- What to produce: Exclude the pictures, and otherwise reproduce the data in full.

- Collected data:
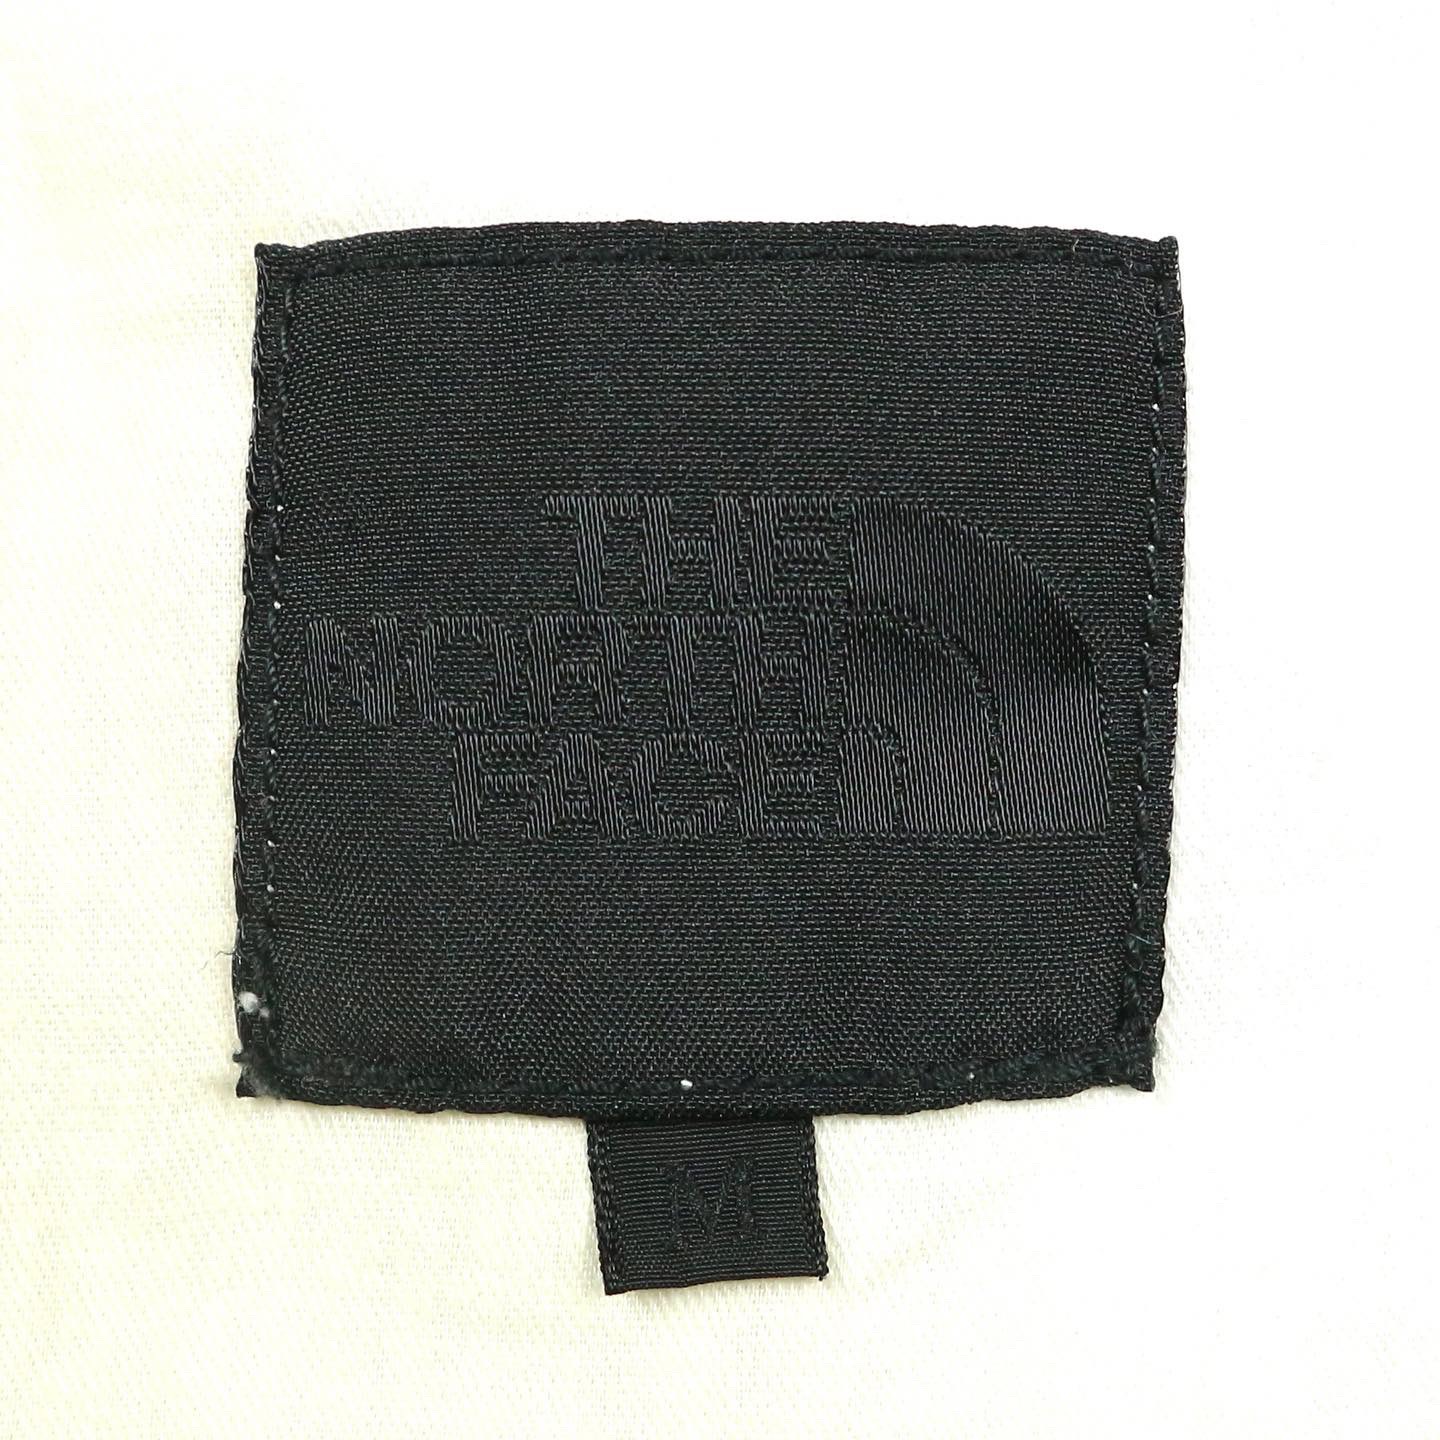 The North Face Shorts Size 30-31
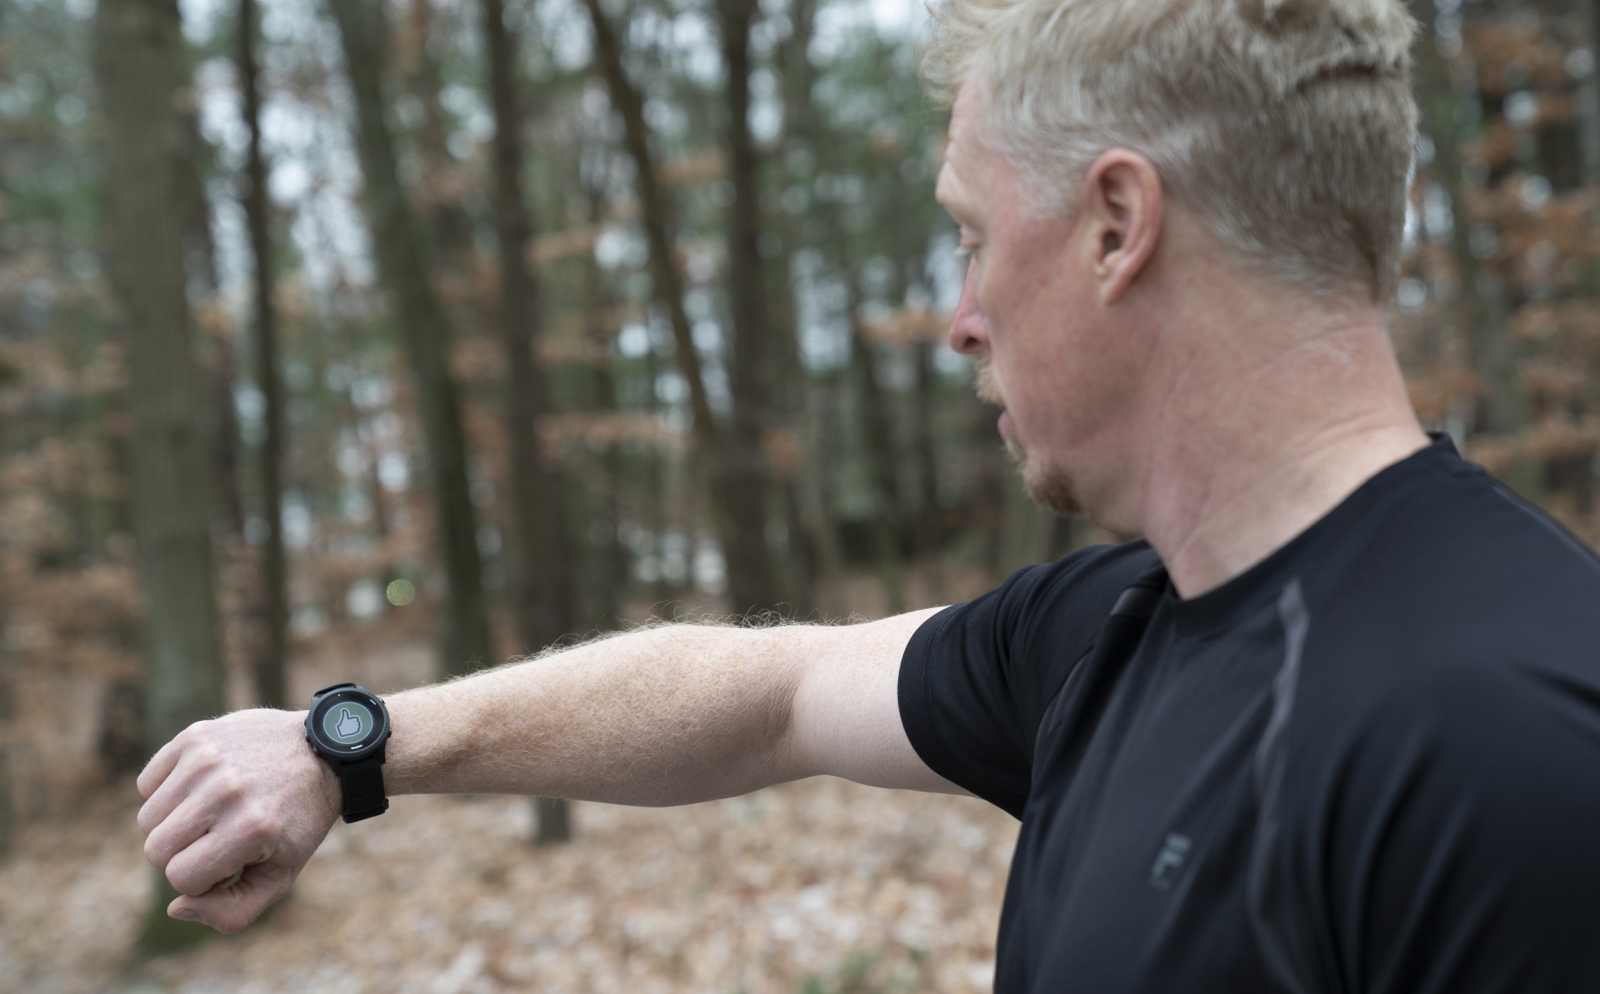 A man in black t-shirt looks at a smartwatch on his wrist, which is displaying a green circle with a thumbs up sign. The man is outside, with trees and leaves in the background.
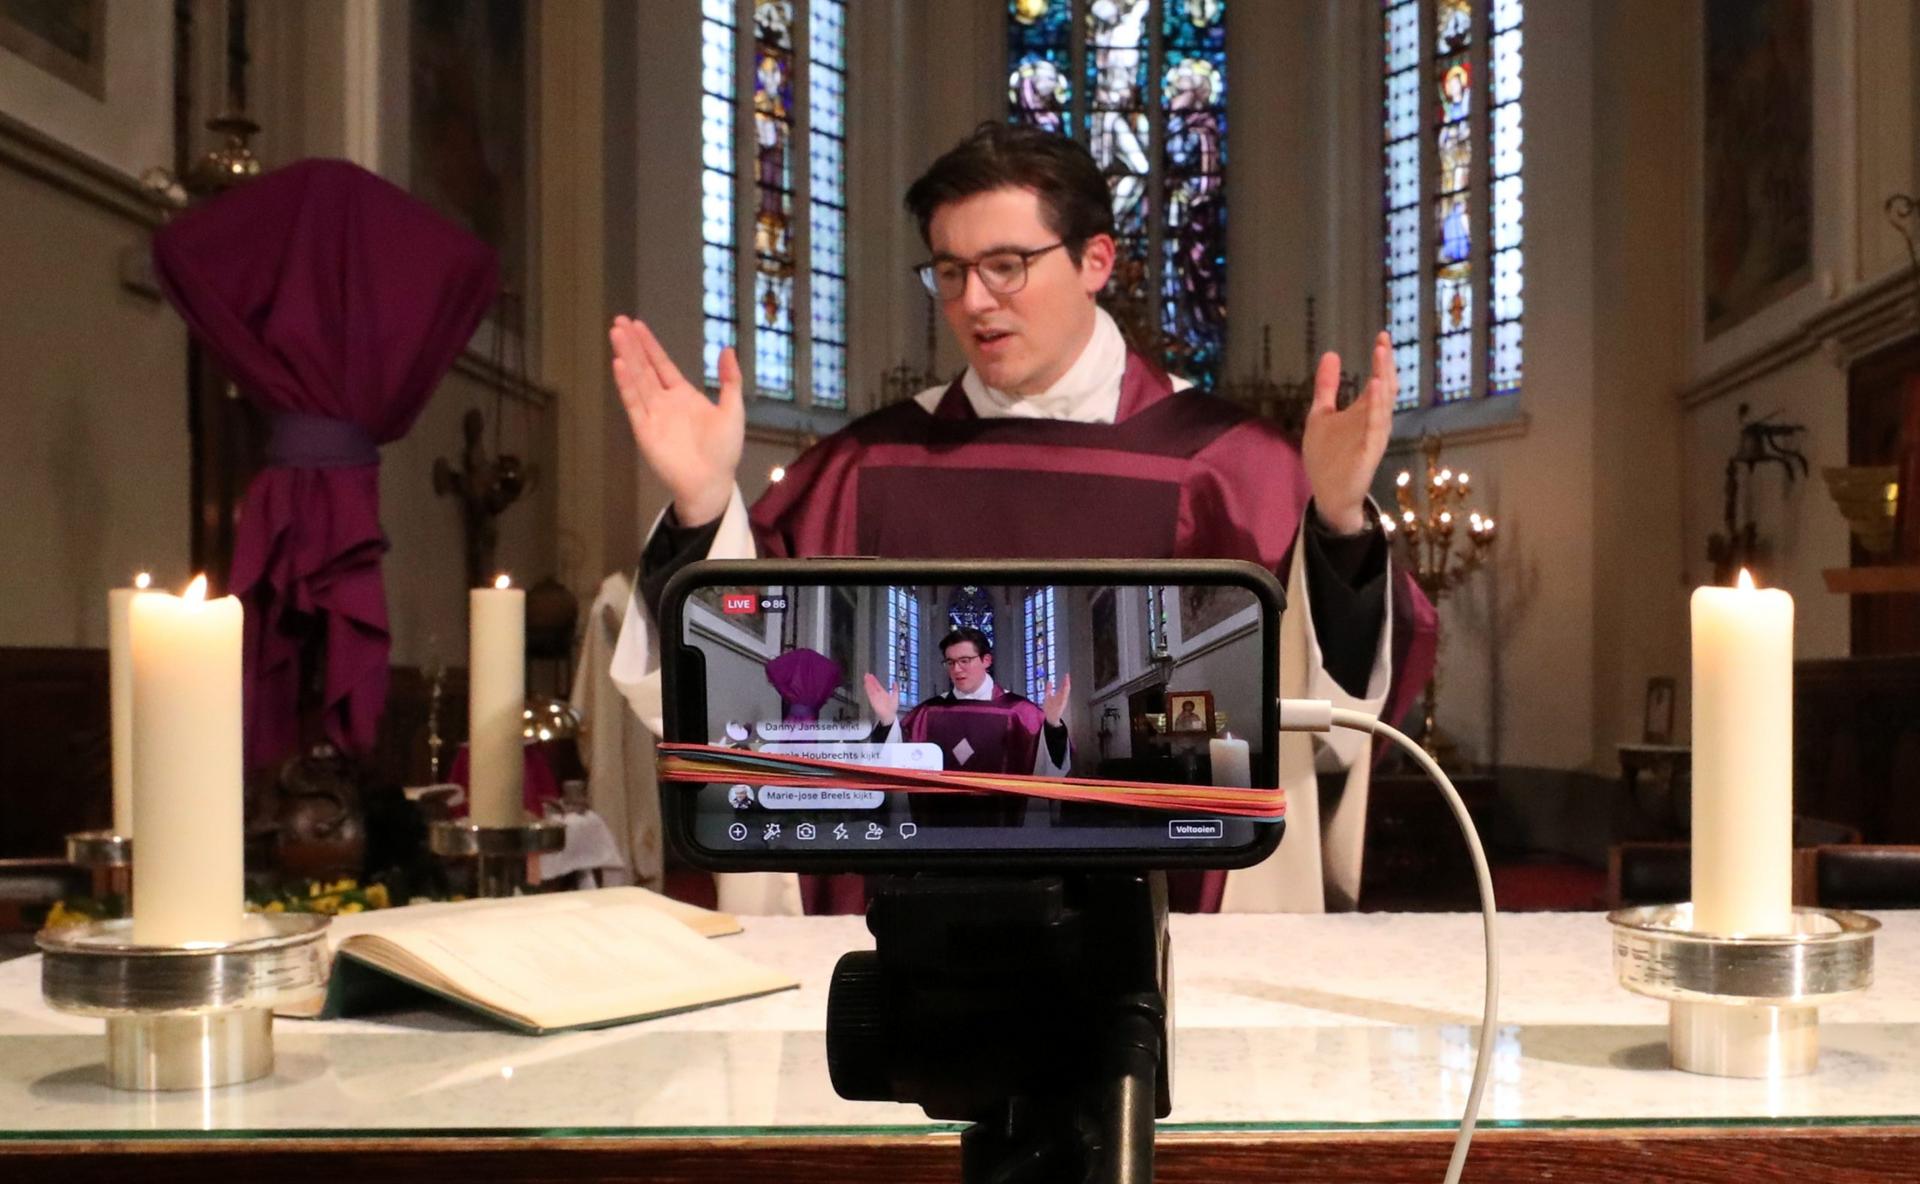 Liturgists say online Mass is fine, but no substitute for the real thing

- Solved exercise:
 The North Face Shorts Size 30-31
 A man in black t-shirt looks at a smartwatch on his wrist, which is displaying a green circle with a thumbs up sign. The man is outside, with trees and leaves in the background.
 Liturgists say online Mass is fine, but no substitute for the real thing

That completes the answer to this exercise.